→ **Problem**: Every line in the data below has to be repeated exactly; no picture belongs in the result.

→ **Exercise data**:
——————

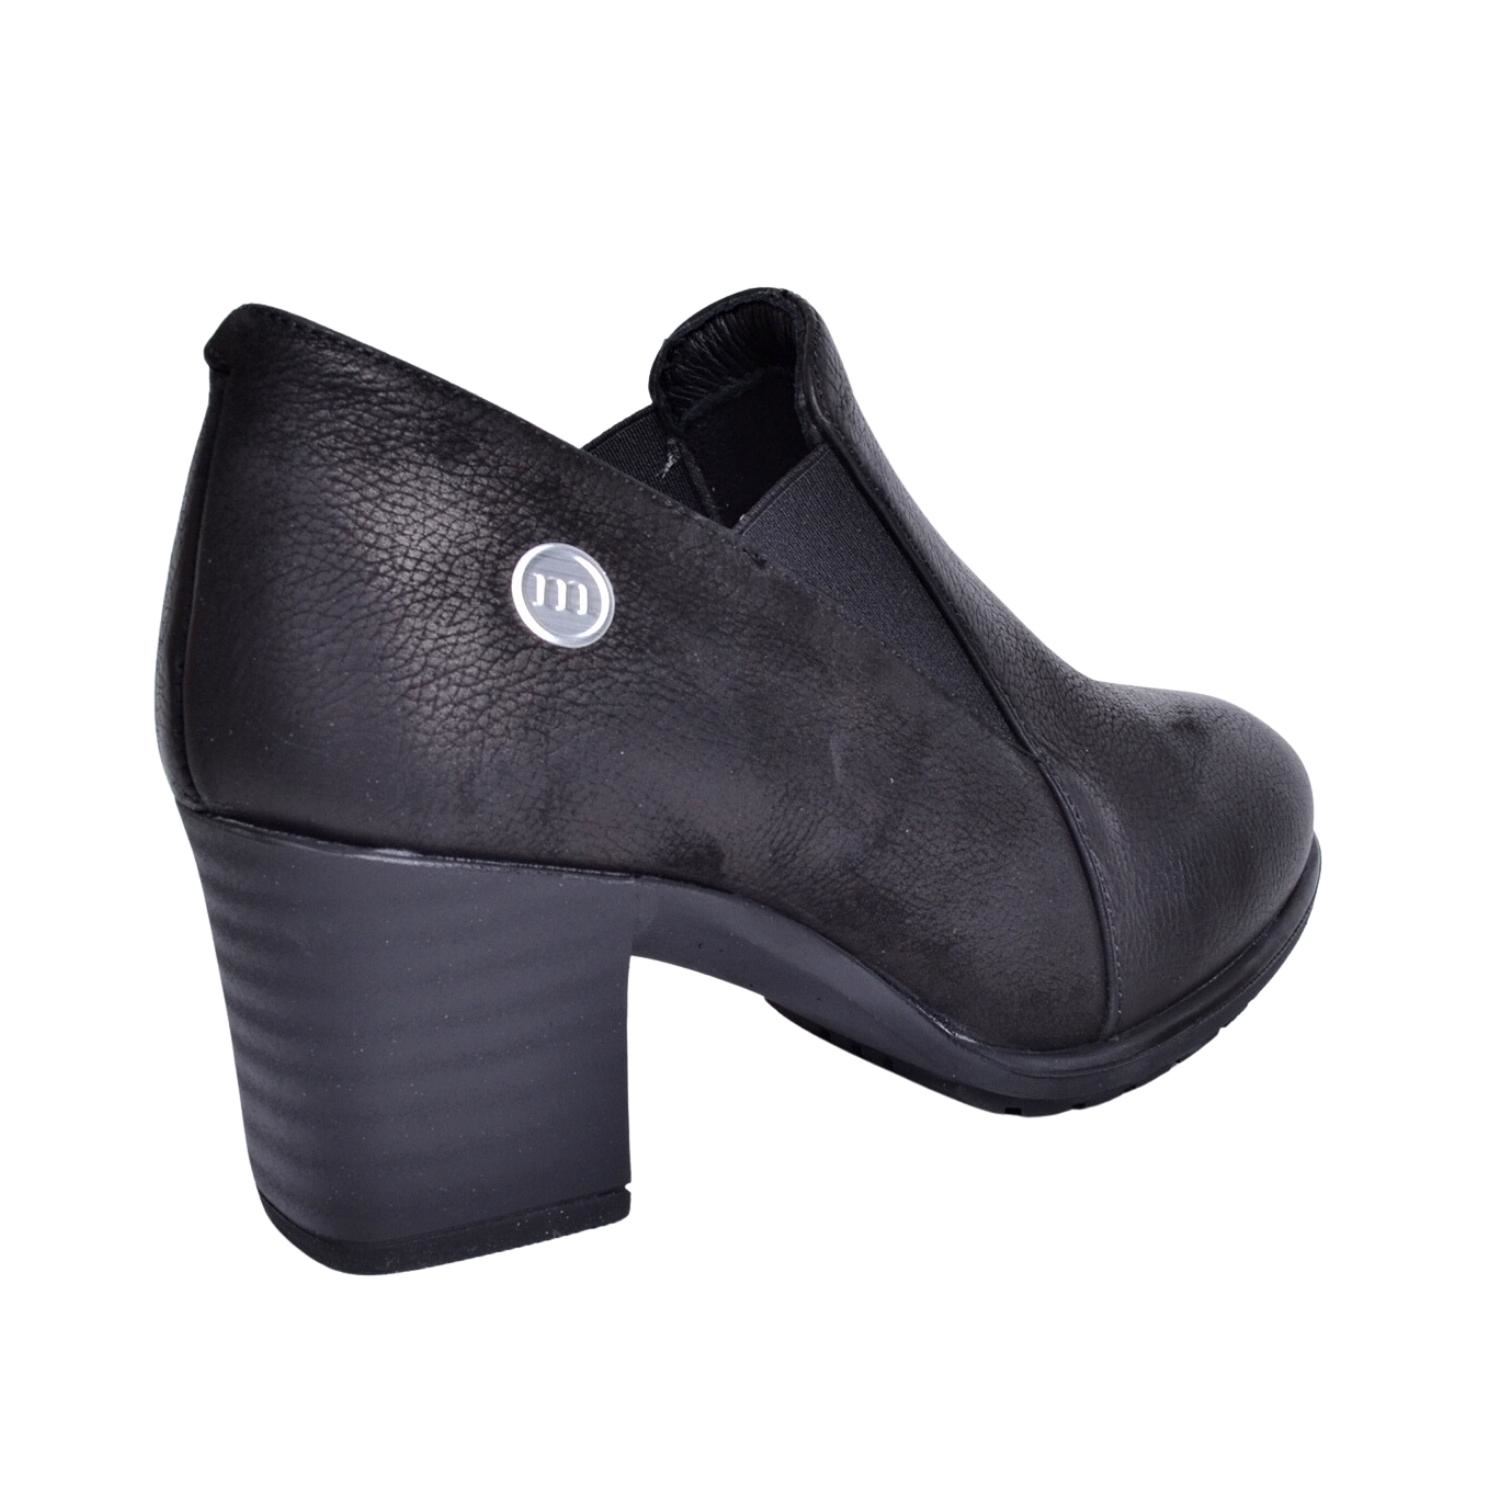 Mammamia D23KA-6115 Kadın Siyah Nubuk Deri Ayakkabı
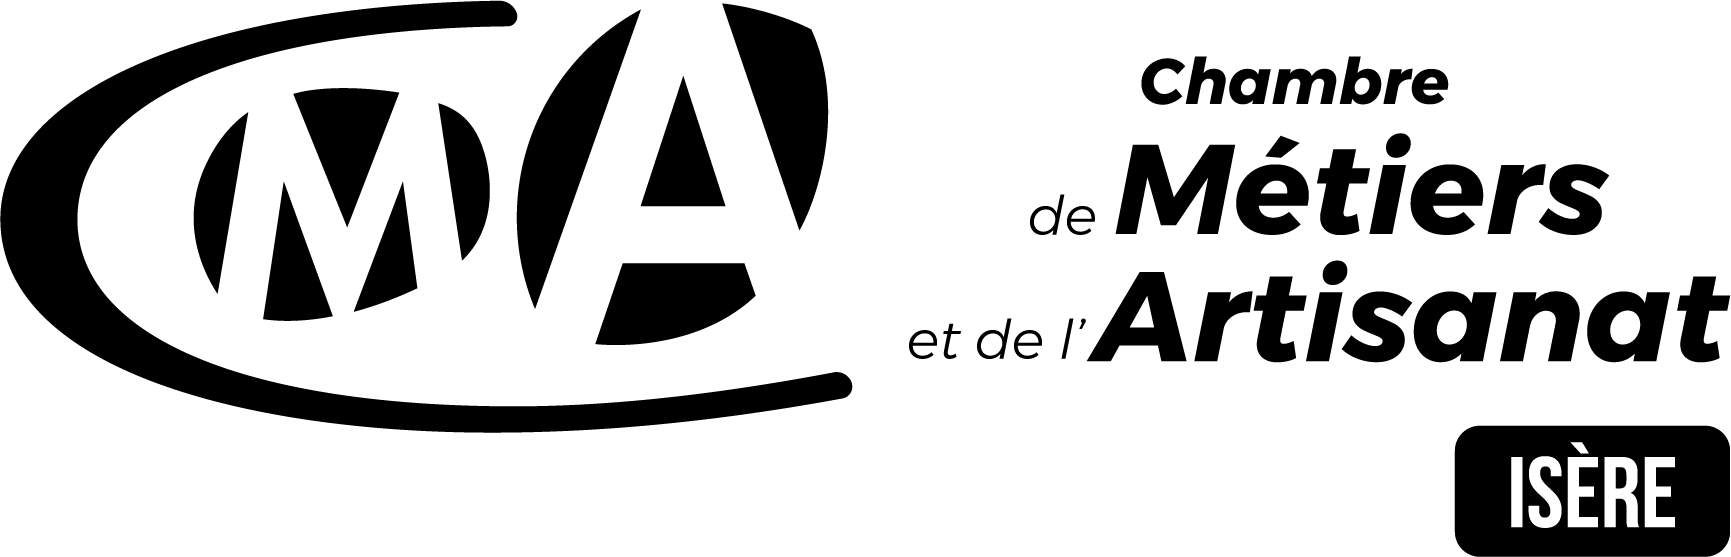 Logo_cmai-2021.png
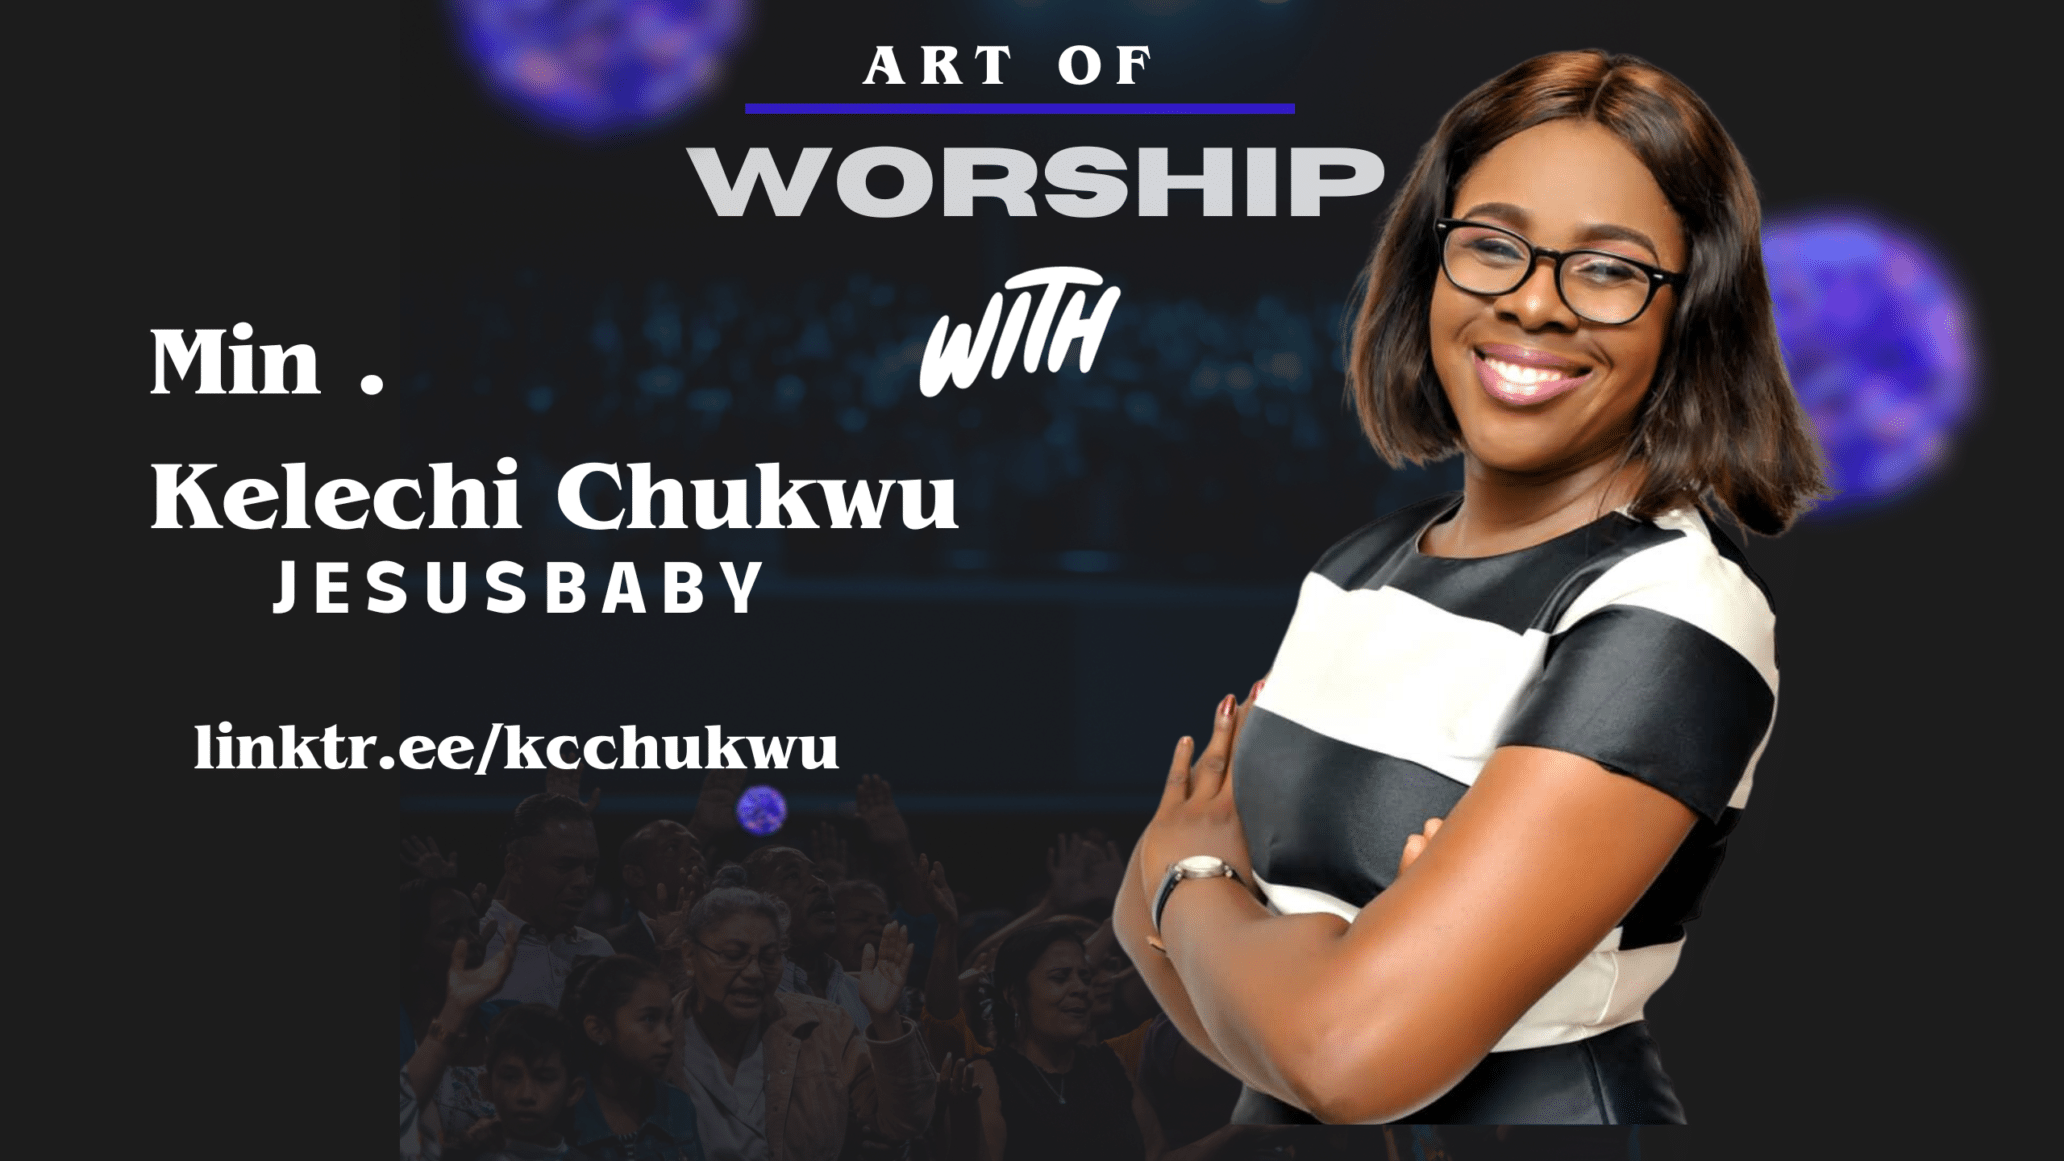 Art of Worship with Minister Kelechi Chukwu 1

——————

→ **Final answer**:
 Mammamia D23KA-6115 Kadın Siyah Nubuk Deri Ayakkabı
 Logo_cmai-2021.png
 Art of Worship with Minister Kelechi Chukwu 1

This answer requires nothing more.